Abstract
In this thesis, an investigation was performed in order to understand the performance of a solar humidification dehumidification (HDH) desalination system. Initially, a mathematical model of the system, including solar water heater, condenser, economizer and long duct humidifier was developed. Using a sensitivity analysis, it was found that improving the intensities of heat and mass transfer in the humidifier would significantly enhance the yield of the system. This led to the development of a novel cascading humidifier, in which air was directed through a series of falling water sheets.
An experiment was performed to first identify and characterise flow regimes in the crossflow interactions, and from this, to develop correlations to describe the heat and mass transfer for such interactions. Four flow regimes were identified and mapped based on the Reynolds number of the air and the Weber number of the water.
Subsequently, Buckingham’s π theorem and a least squares analysis was employed to develop a series of empirical relations for Nusselt and Sherwood numbers.
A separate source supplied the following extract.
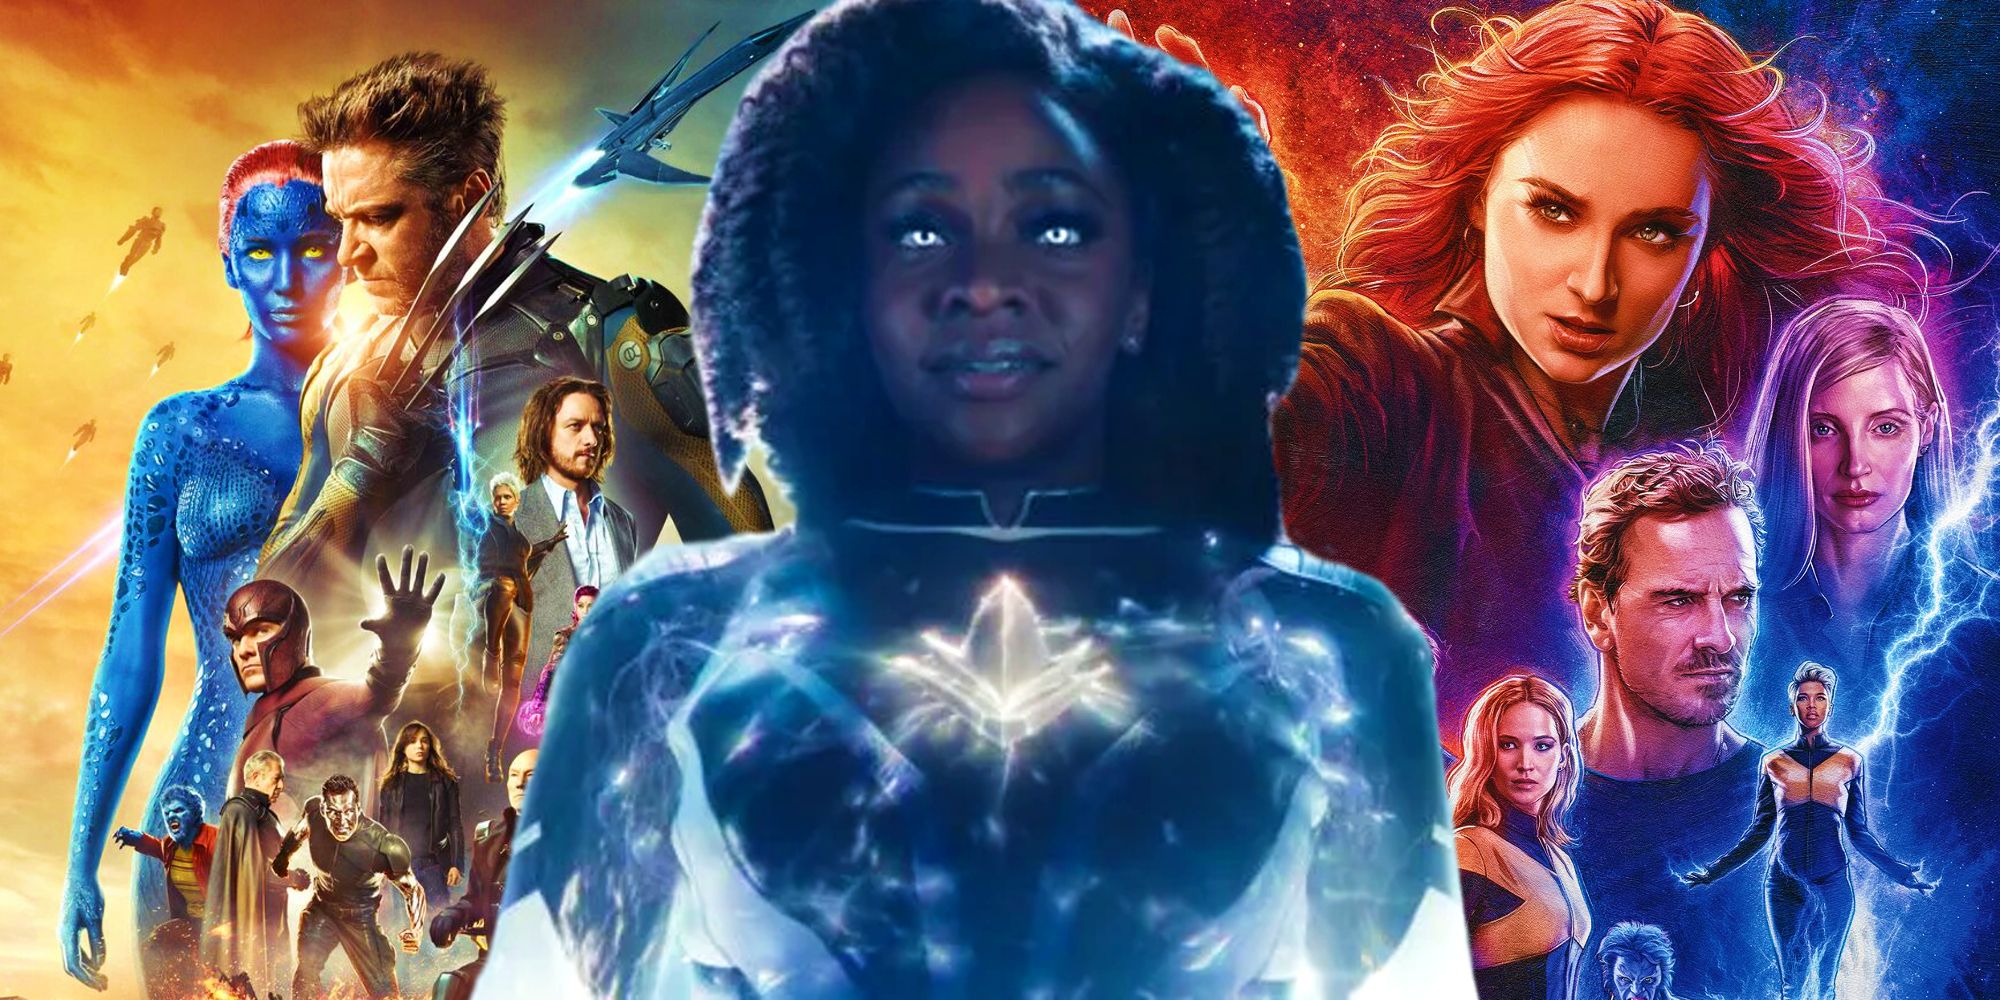 Monica Rambeau from The Marvels between posters for the Fox X-Men movies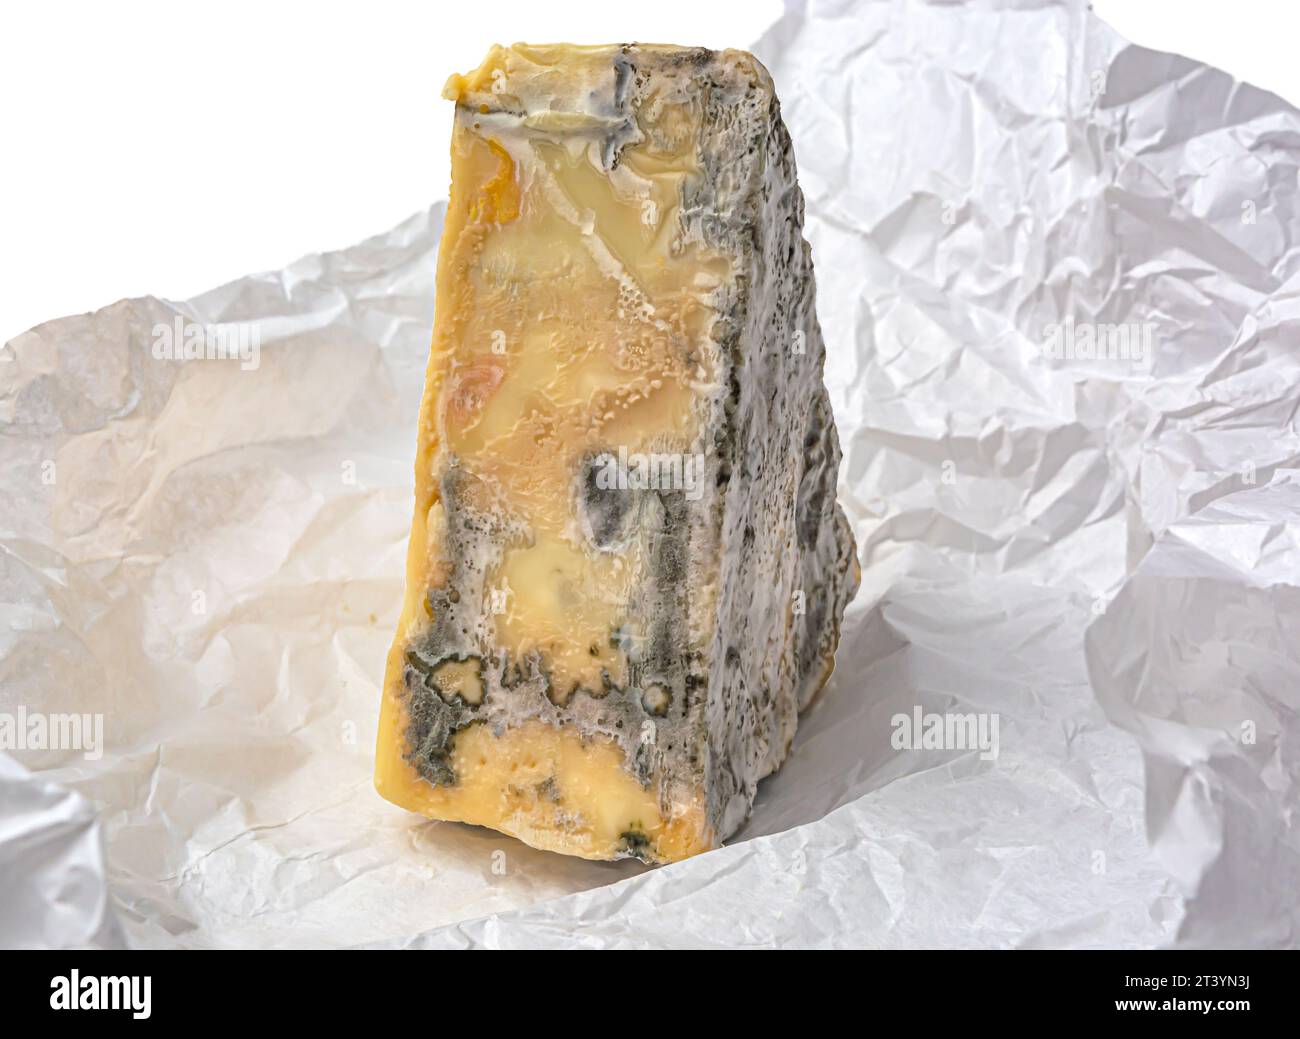 triangular piece of cheese with mold on white crumpled paper close-up Stock Photo

This led to the proposal of three new dimensionless numbers named the Prandtl Number of Evaporation, the Schmidt Number of Evaporation and the Lewis Number of Evaporation. These describe the transfer phenomena in low temperature evaporation processes with crossflow.
Finally, the new correlations for Nusselt and Sherwood numbers were used to develop a model of a cascading humidifier, incorporated in a solar HDH system. It was found that a cascading humidifier enhances the yield of the HDH system by approximately 15%, while reducing the evaporation area to approximately a quarter of that required in a long channel humidifier.